AMANDA - Quando penso no futuro, a primeira imagem que vem de você, Laura, é a de
uma mulher sentada numa cadeira olhando o vazio, à espera de qualquer coisa. Talvez o
amor...
SILVA - O quê? Você estava falando com quem?
LAURA - Com ninguém.
SILVA - Laura, eu acho melhor você vir comigo.
LAURA - Por que não vai na frente, me espera lá fora? Desço logo.
SILVA - Por que não estou gostando do seu jeito... E de certa maneira me sinto
responsável por você.
LAURA - Gostaria de apenas dizer adeus...
SILVA - Adeus! Não existe essa palavra no meu vocabulário.
LAURA - Você se engana! A gente diz adeus a todo instante, a cada minuto que se
vive... Porque isso é que é a vida... Apenas um longo... Longo e demorado adeus... Há uma
coisa... Há outra... Até chegar ao fim, e então... É adeus para você mesmo. Oh, Tom, Tom!

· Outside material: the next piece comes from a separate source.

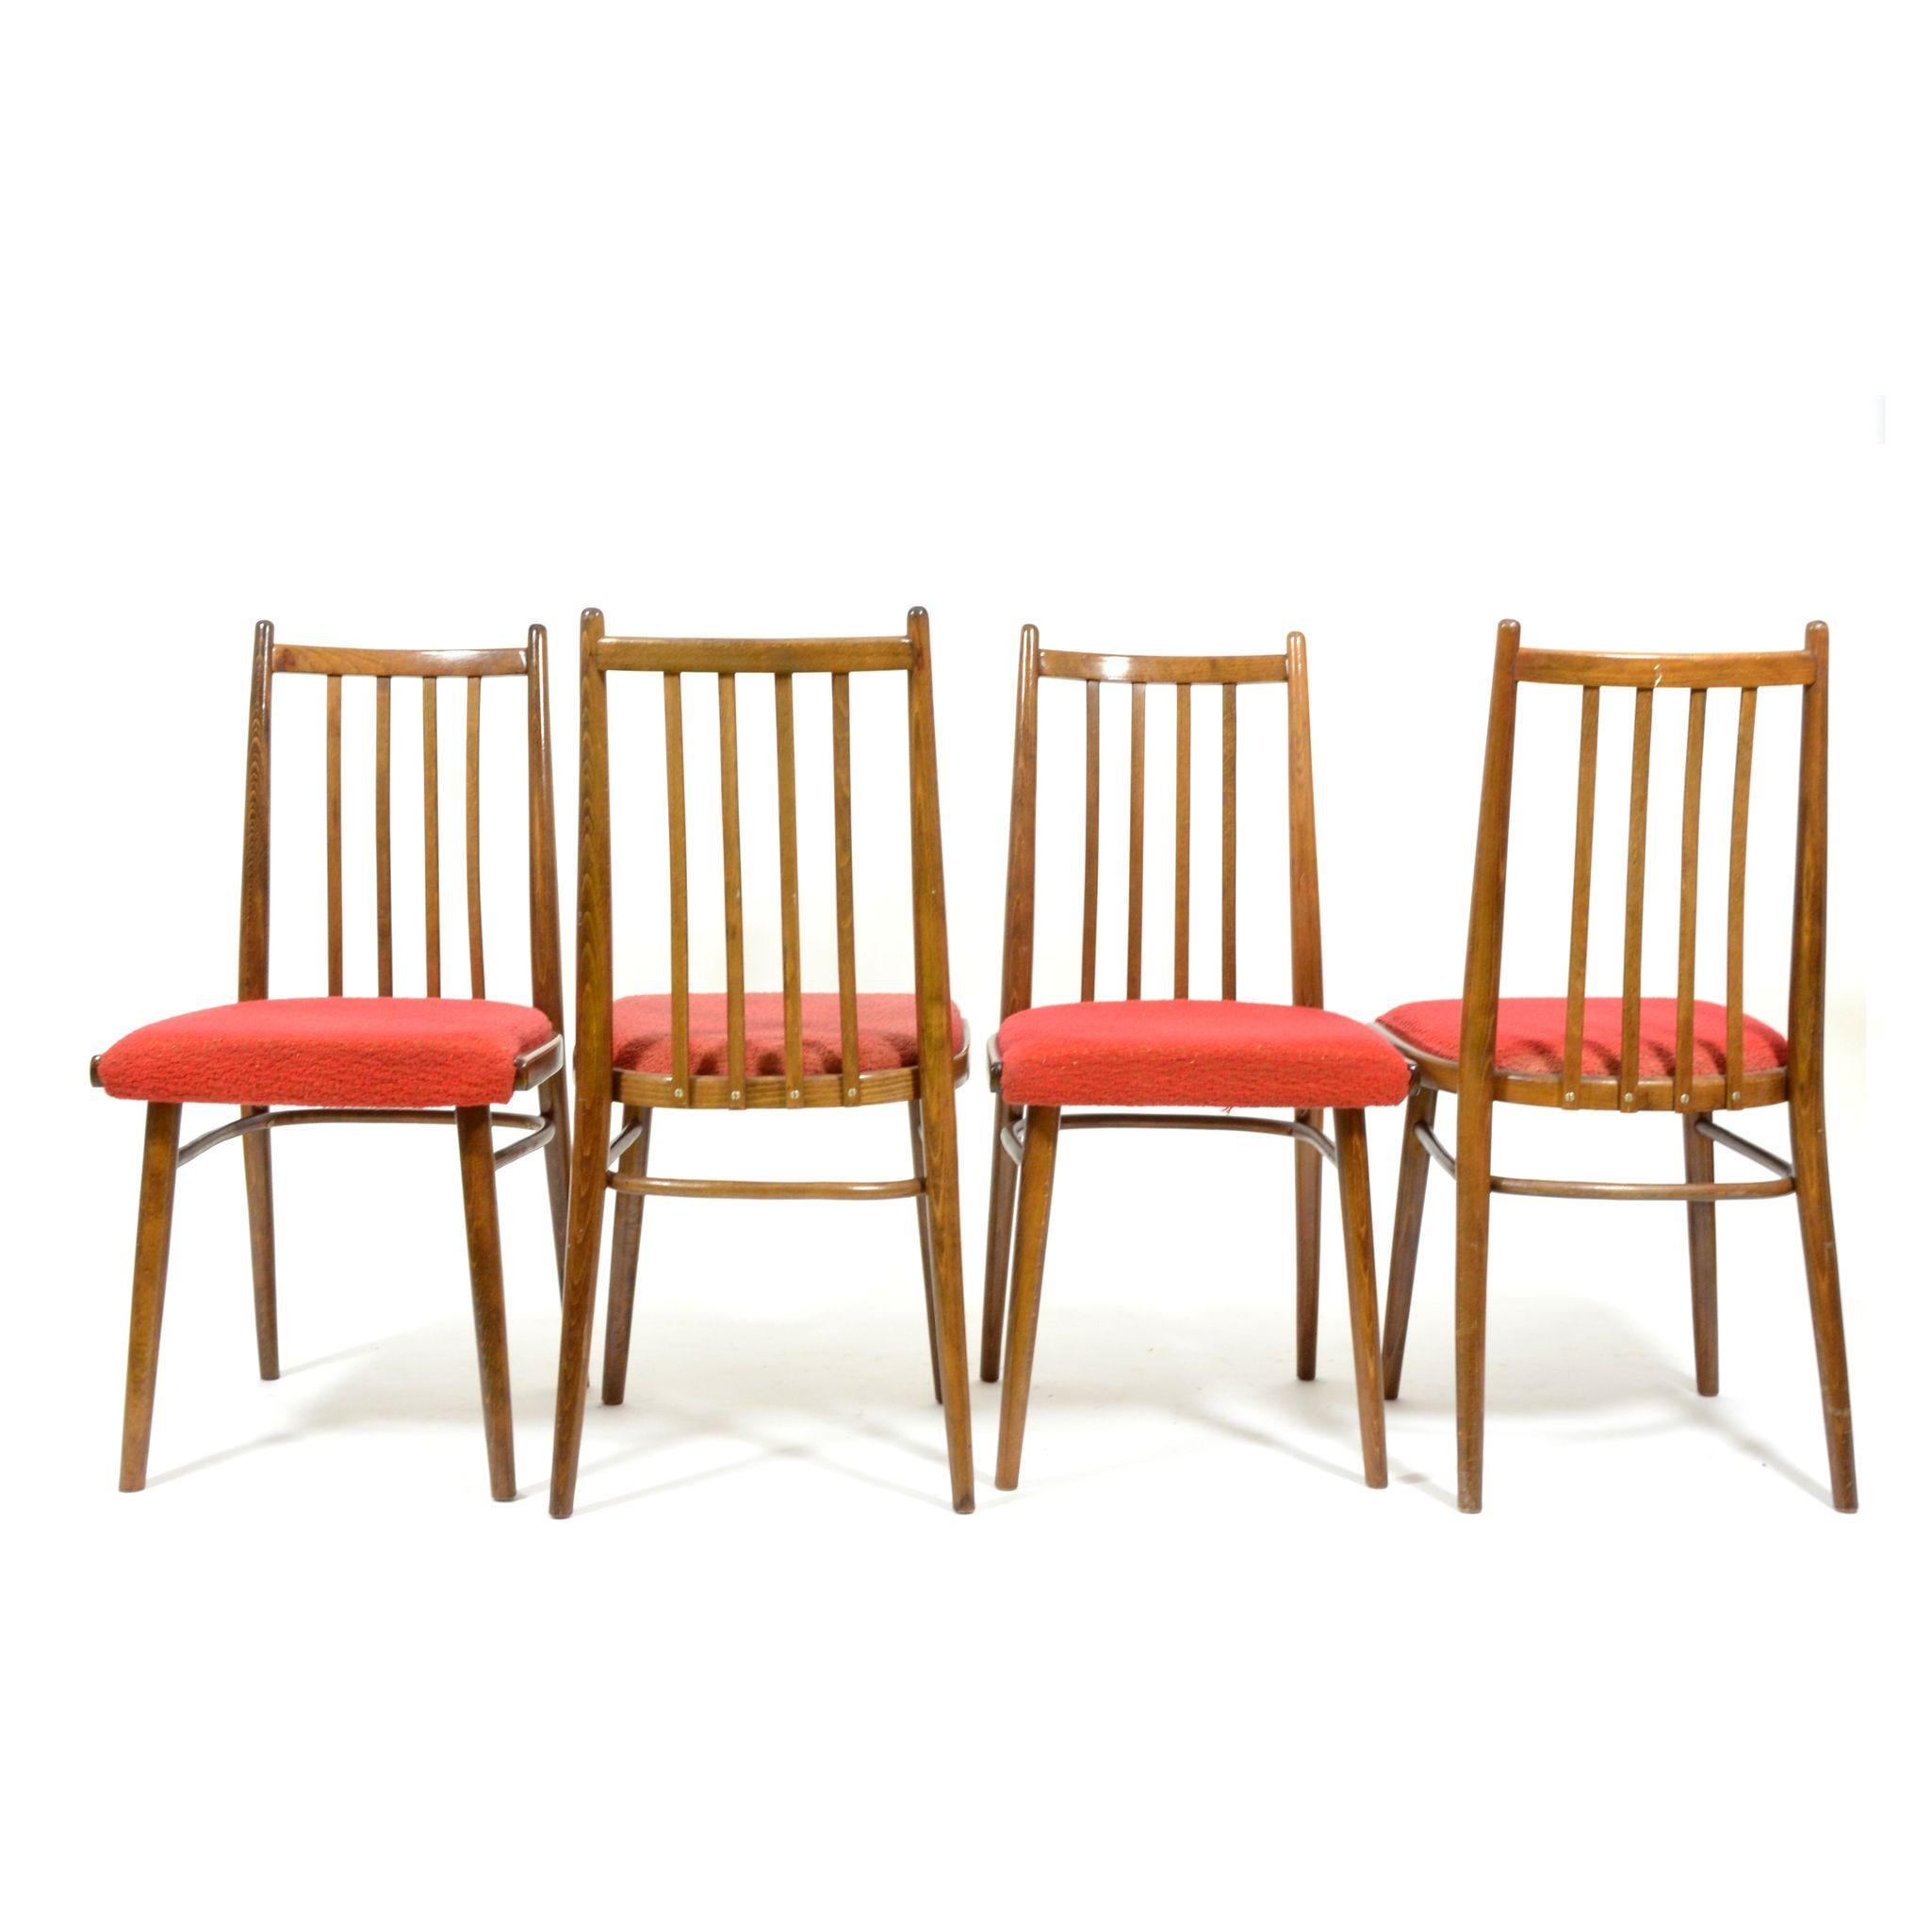 Set of Four Vintage Dining Chairs, Red Upholstered, Czechoslovakia, 1970s For Sale 2
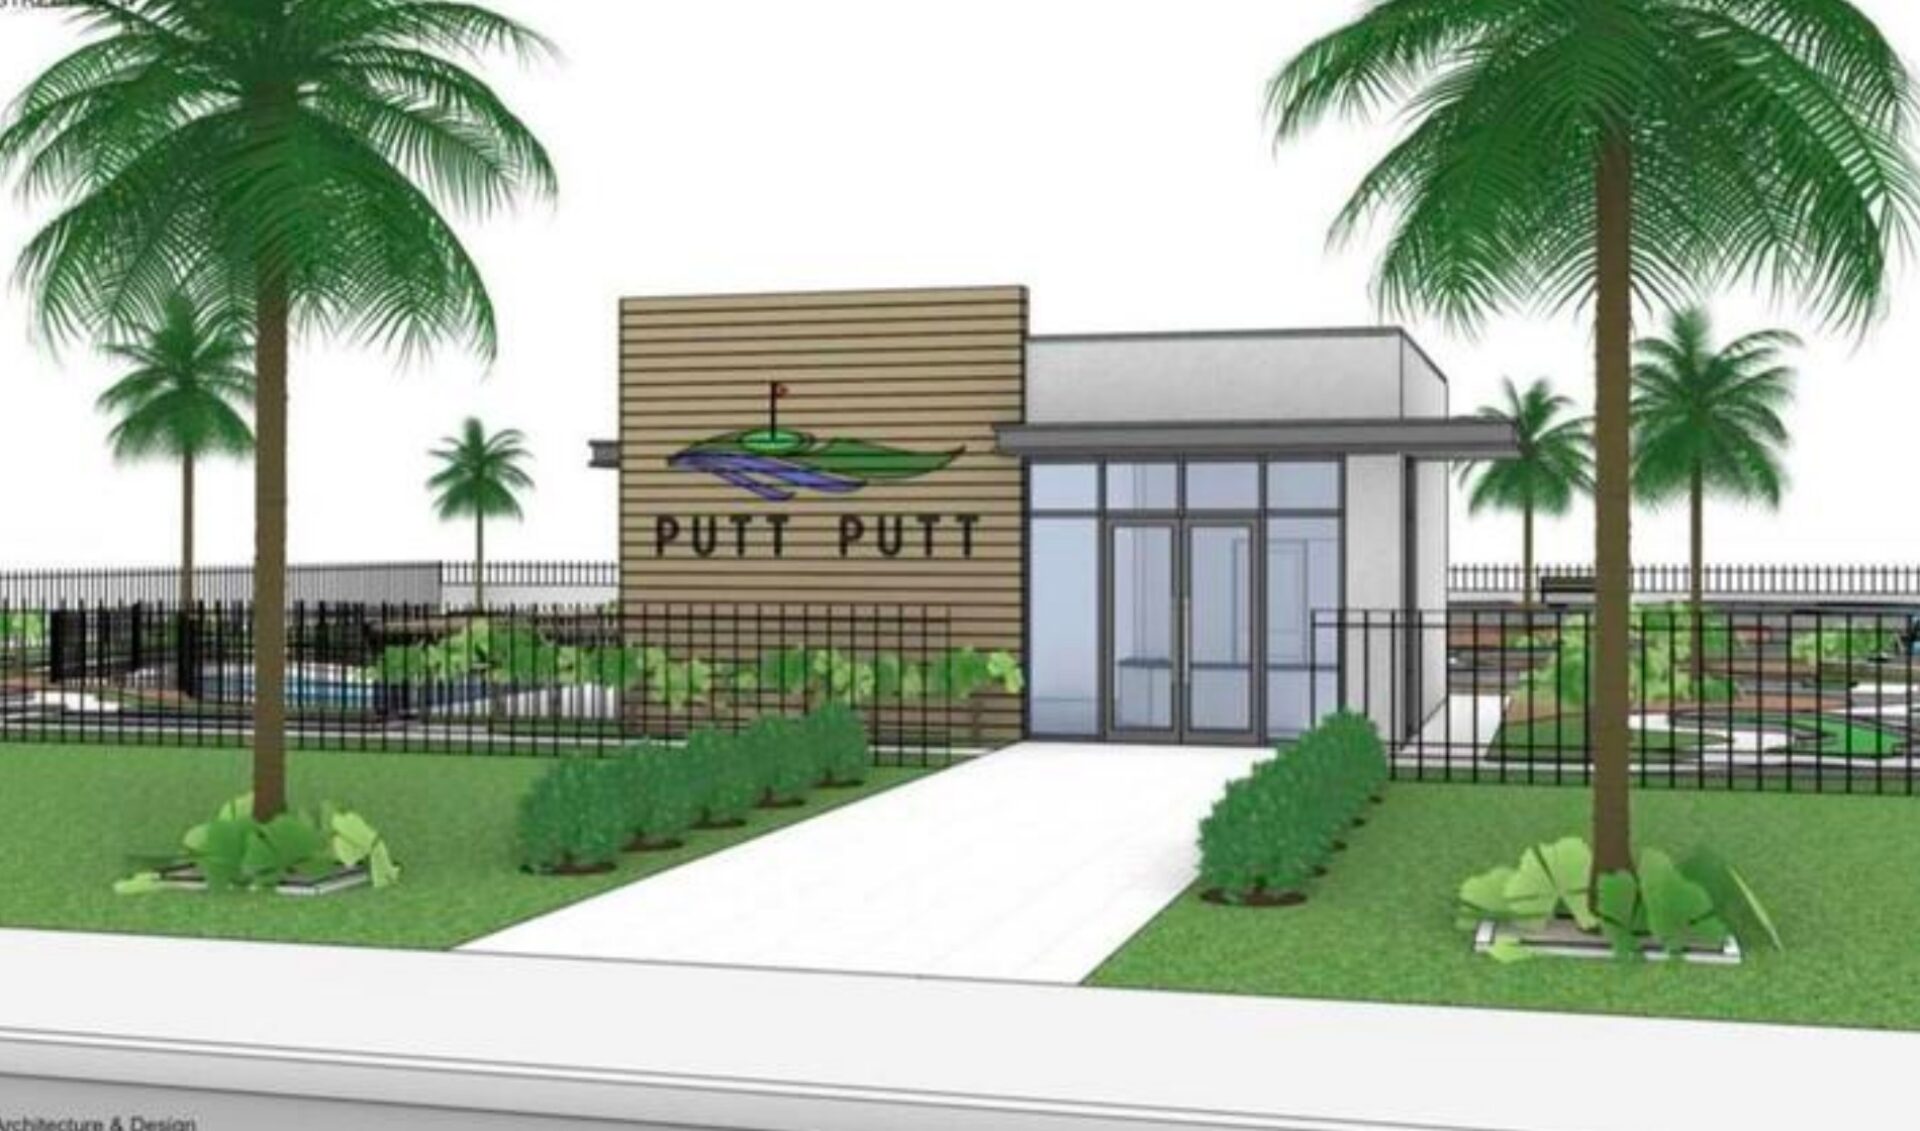 Danny Duncan says there’s not much to do in his hometown. So he’s opening a putt putt course.

Tentei tanto tirá-lo do meu pensamento e abandonar tudo, fugir, mas eu lhe tenho sido mais
fiel do que pretendia! Siga a sua vida, Tom e agora... Adeus! Um longo e demorado adeus!
FANTASMA – Laura! Laura, o que você está fazendo aí?
LAURA – Estou indo embora. Agora acabou tudo para sempre.
FANTASMA – Você não pode ir. Tom já esta voltando ele apenas foi ao cinema.
LAURA – Desta vez não. Eu não irá mais voltar para a gente, você não vê?
FANTASMA – É um programa muito longo. Você sabe. Passam um filme da Greta Garbo,
um desenho do Mickey Mouse e depois um documentário sobre viagens.
LAURA – Sei, e ele sempre fica até o fim não é?!?
FANTASMA – Mas é claro! E, ah, eu ia me esquecendo! Ele nos deu isto. É uma echarpe
mágica. Pode ficar pra você, Laura. Lembra-se você a agita diante de uma gaiola de
canários e eles viram peixinhos dourados. Se agitá-la diante dos peixinhos dourados eles
voam, transformados em canários.
LAURA – Pare, pare já com isso. Você não vê, que isso só lhe faz sofrer e sofrer cada
vez mais, desta vez ele não vem. Ele nos abandonou para sempre. Fugiu como papai. Agora
somos só nós e Mama.
FANTASMA – Laura! Psiu!
LAURA – Psiu por que?
FANTASMA – Você assim acorda a Mama.
LAURA – Ótimo! Assim ela me paga por todos aqueles “Levante com a luz divina!” Já
chega ela também se foi. Ela está morta, morta. Adeus...
FANTASMA – Oh, Laura, Laura! Sei que tentará me deixar para trás, no passado, mas eu
lhe tenho sido mais fiel do que pretendia! Sopre suas velas, Laura e agora... Adeus!